The focus of the summit was the migrants from Guatemala, Honduras, El Salvador and Nicaragua and the famous caravans towards the US border that vice-president Harris is trying to dissuade. She recently proclaimed to the migrants in Guatemala, I want to be clear to folks in this region who are thinking about making that dangerous trek to the United States-Mexico border: Do not come. Do not come. The United States will continue to enforce our laws and secure our border. However, it is obvious that vice-President Harris does not understand these desperate migrants that are fleeing death, prison or starvation due to climate change. According to a report by the organizations Action Against Hunger, about 8 million people now suffer from food insecurity due to the effects of climate change throughout the Dry Corridor which is a 1,000-mile-long geographic zone that runs through the Mexican state of Chiapas and stretches across Costa Rica, El Salvador, Honduras and Nicaragua. 

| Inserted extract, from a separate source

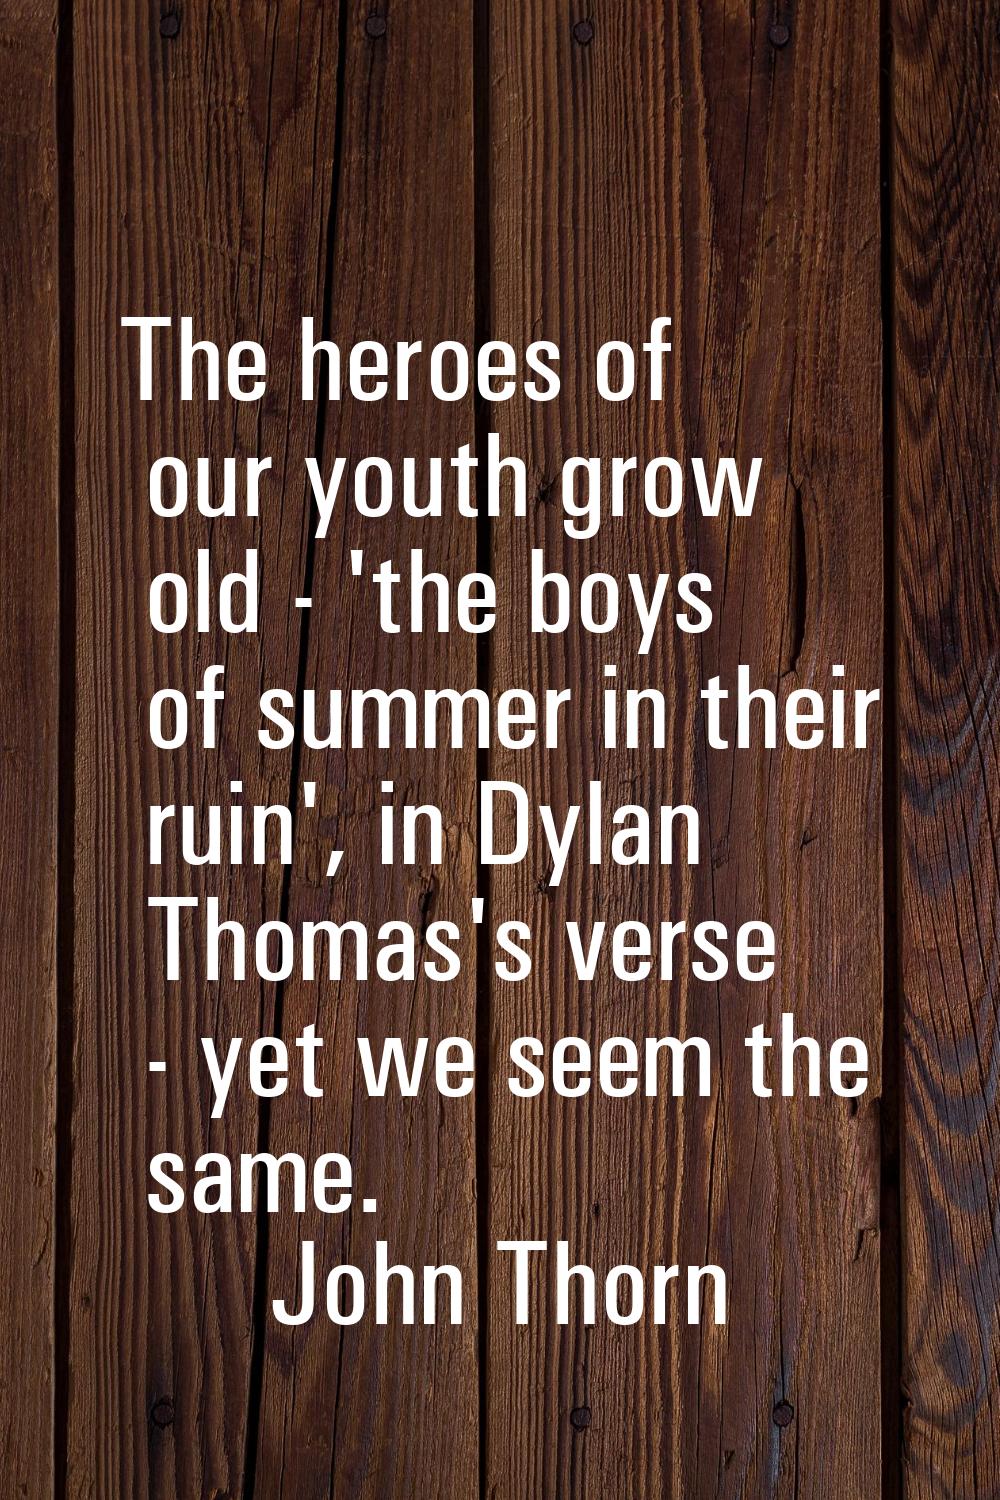 The heroes of our youth grow old - 'the boys of summer in their ruin', in Dylan Thomas's verse - ye
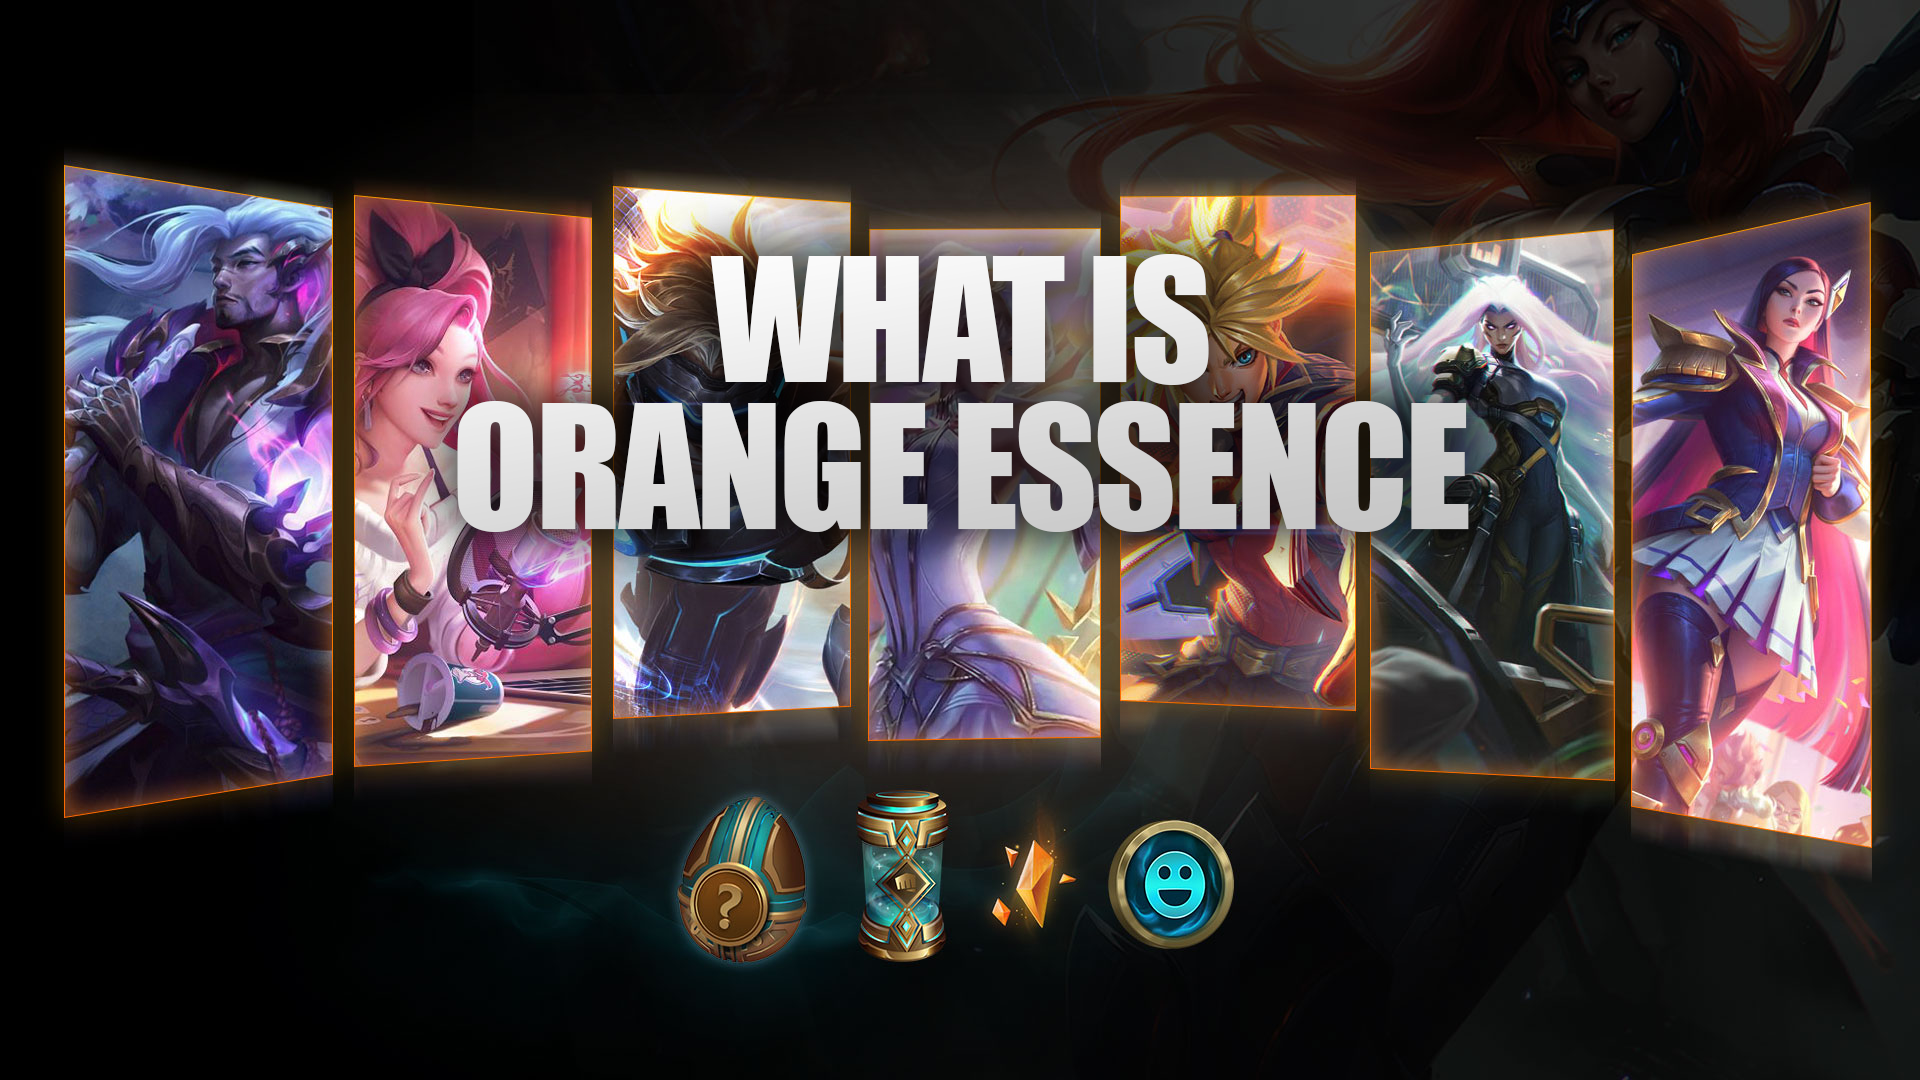 Orange Essence is a special crafting material in League of Legends. It is used to craft various in-game cosmetic items like skins, wards, emotes, and even summoner icons.

Vice-President Harris, like most Americans, don’t know that the choice to migrate is already made for most caravans when their freedoms are taken away and/or when they cannot make enough to feed their families. Even in the middle of a pandemic, social class is the determinant factor for your survival. In Central America, poverty and hunger are seen as normal human conditions, but it is extreme suffering that forces many to leave all they have ever known, because the unknown must be better than what they are going through.